Non-White Groups More Prone to Skin Cancer after Organ Transplant, May Have Unique Risks

Non-White Groups

A recent study has tried to assess possible skin cancer screening needs and skin cancer risk in organ transplant recipients of various races. The findings seem to suggest that nonwhite populations, particularly African Americans, are more at risk than previously thought, and that these risks may have more unique features.

In Brief: Skin Cancer and Transplants

Non-melanoma skin cancer is a known hazard following an organ transplant. The anti-rejection medications patients need to take can make them more vulnerable to viruses like HPV, which is tied to certain cases of squamous cell carcinoma.
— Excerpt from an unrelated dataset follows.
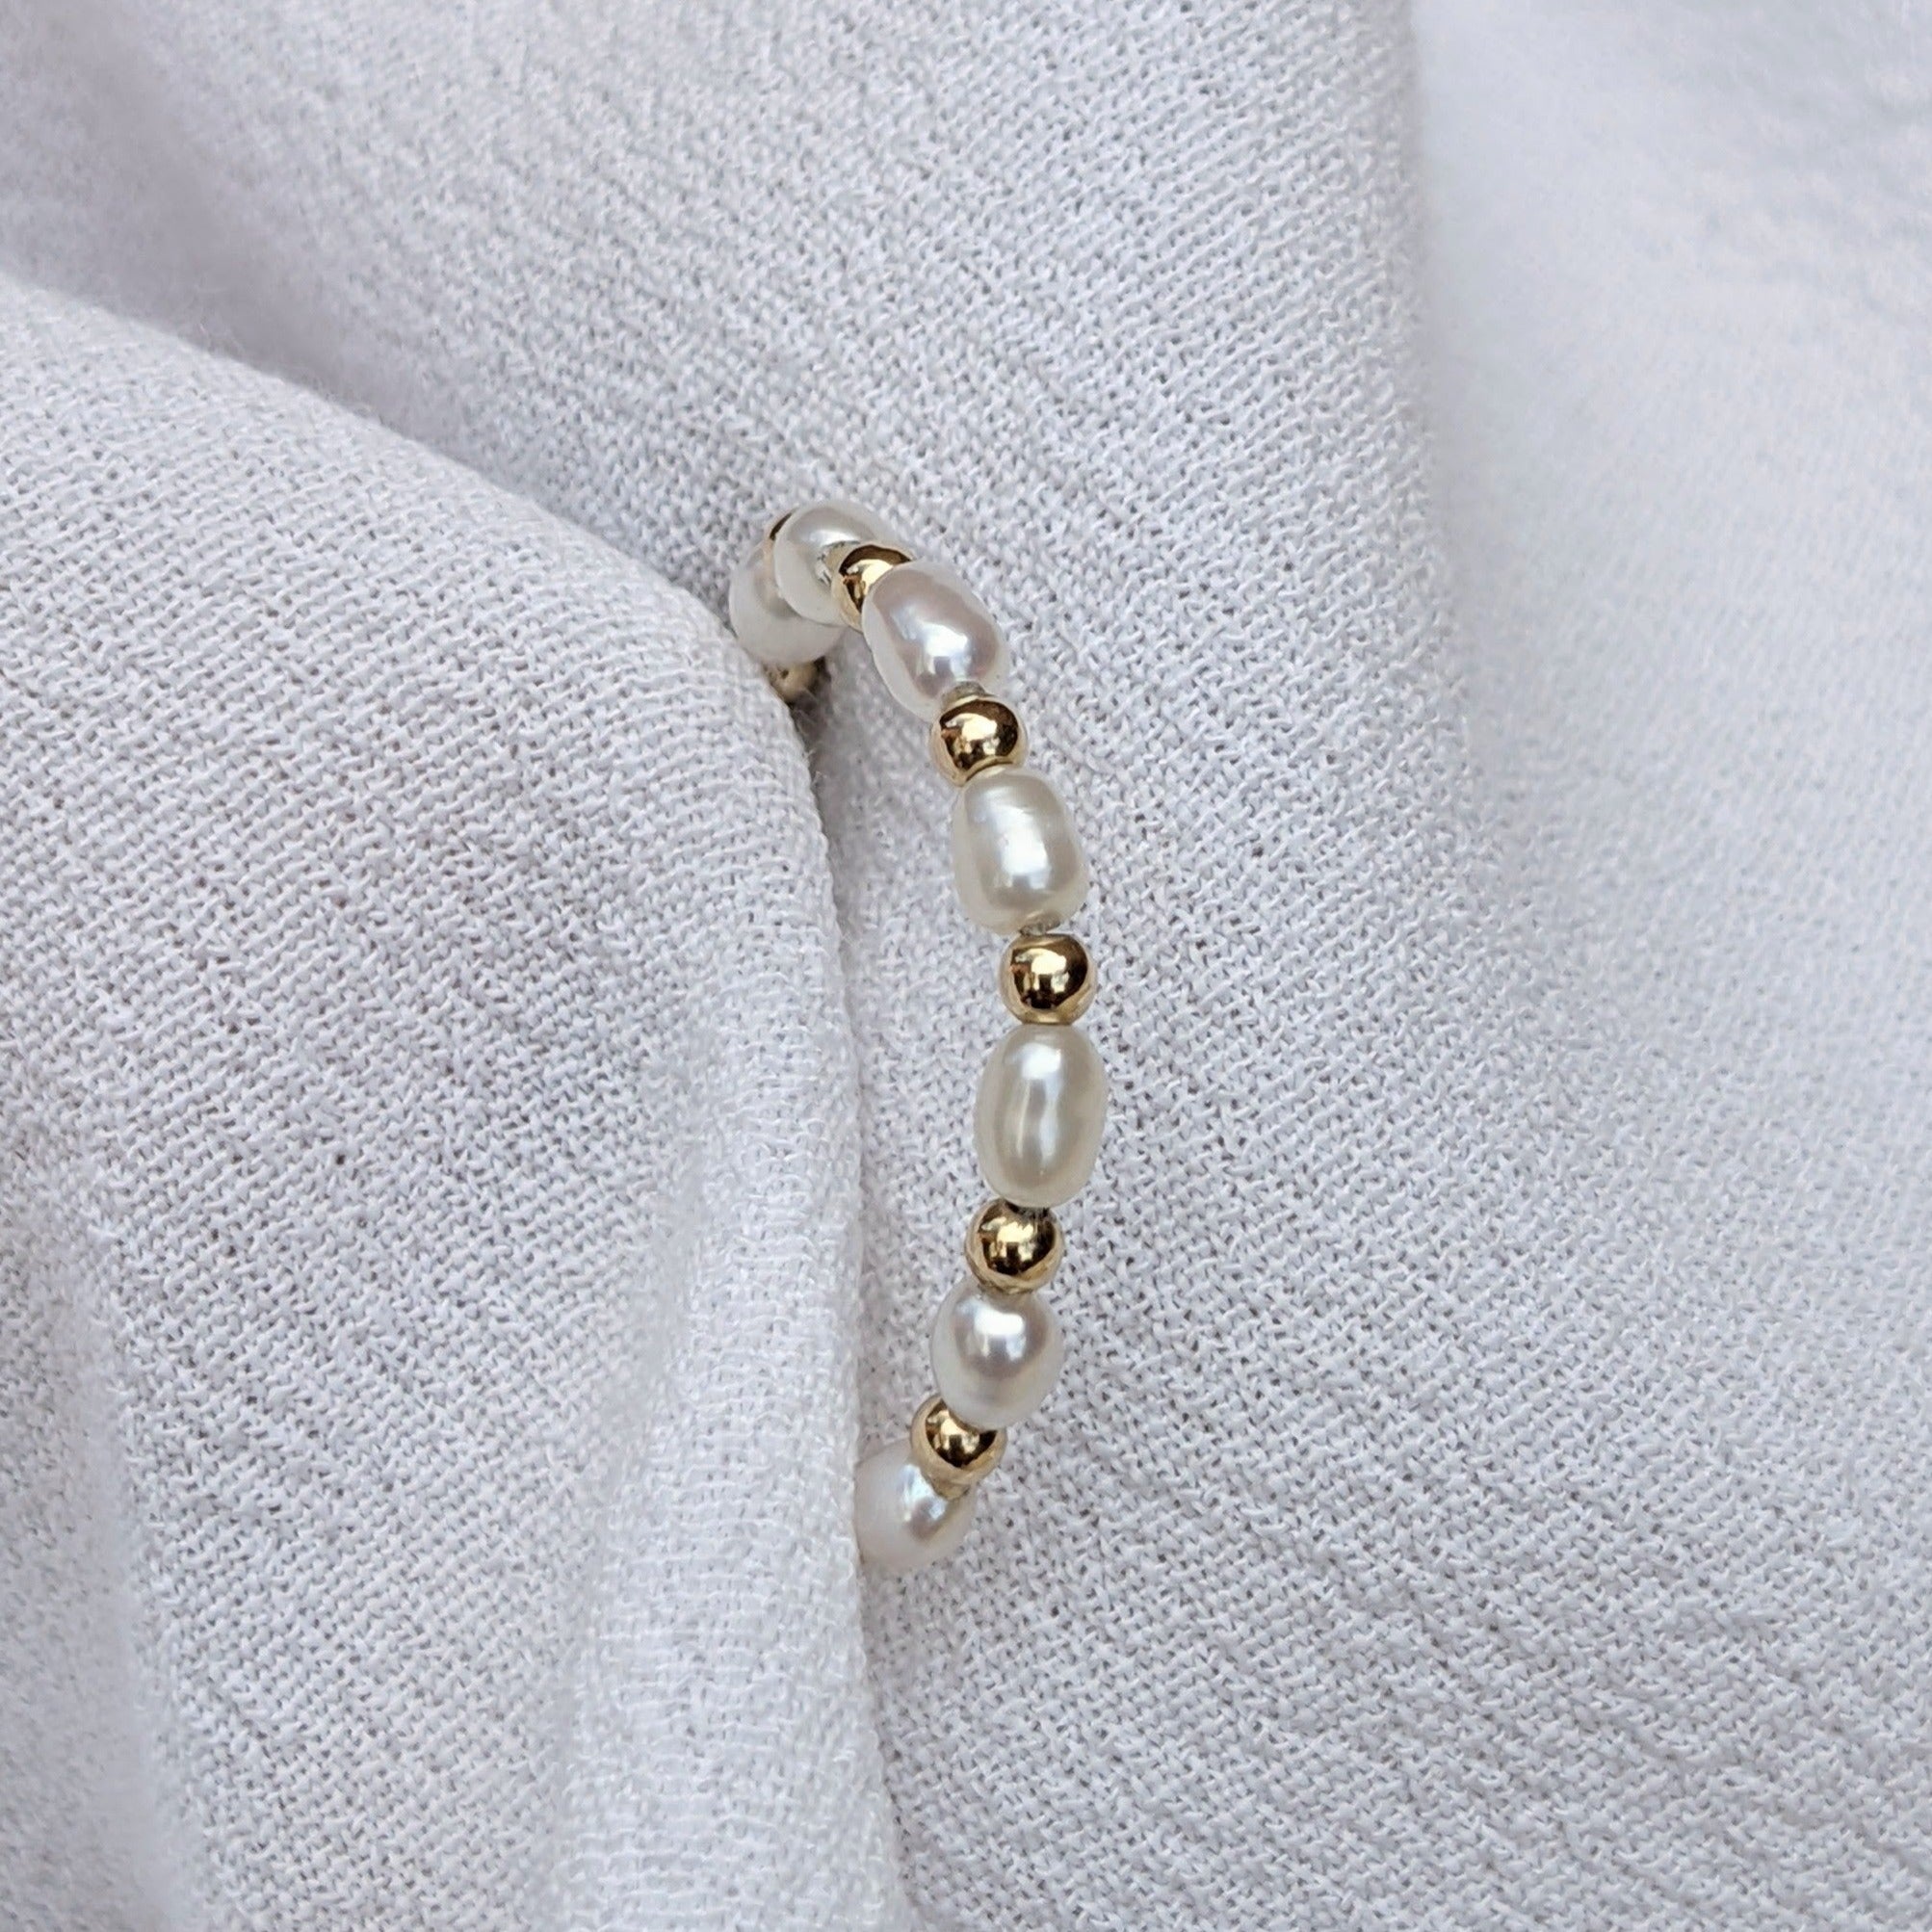 Seed pearl and gold bead ring held in white fabric

The rate of this type of cancer in transplant recipients is actually up to 250 times higher than in the normal population. There are no guidelines for screening transplant patients for skin cancer, and evaluation rates and thoroughness can change based on race (whites and fair-skinned individuals are more likely to get skin cancer).

The Study

The study in question looked at 413 patients who had undergone organ transplants. Of this group, 154 were white and 259 were nonwhite—black, Hispanic, or Pacific Islander. Of these participants, the following was found:

  • There are 19 skin cancers on 15 patients (5.8%)
  • The skin cancers were divided among three groups: black (6), Asian (5), and Hispanic (4)
  • The skin cancers in blacks were squamous cell carcinomas, which were detected early and were found in sun-protected sites on the body
  • Most skin cancers in Asians were on sun-exposed parts of the body and happened in equatorial immigrants
  • The skin cancers in blacks were mostly located in the genital region and tested positive for HPV
  • The skin cancers in the Asian group seemed mostly connected to sun exposure

The findings from the black group drew particular attention for a few reasons. The first is the early stage the cancer was detected in. Normally, skin cancer in immune-suppressed nonwhites is first discovered at an advanced stage. The authors suggested that this was because the protocols in the health system from where the patients were recruited encouraged full body screenings.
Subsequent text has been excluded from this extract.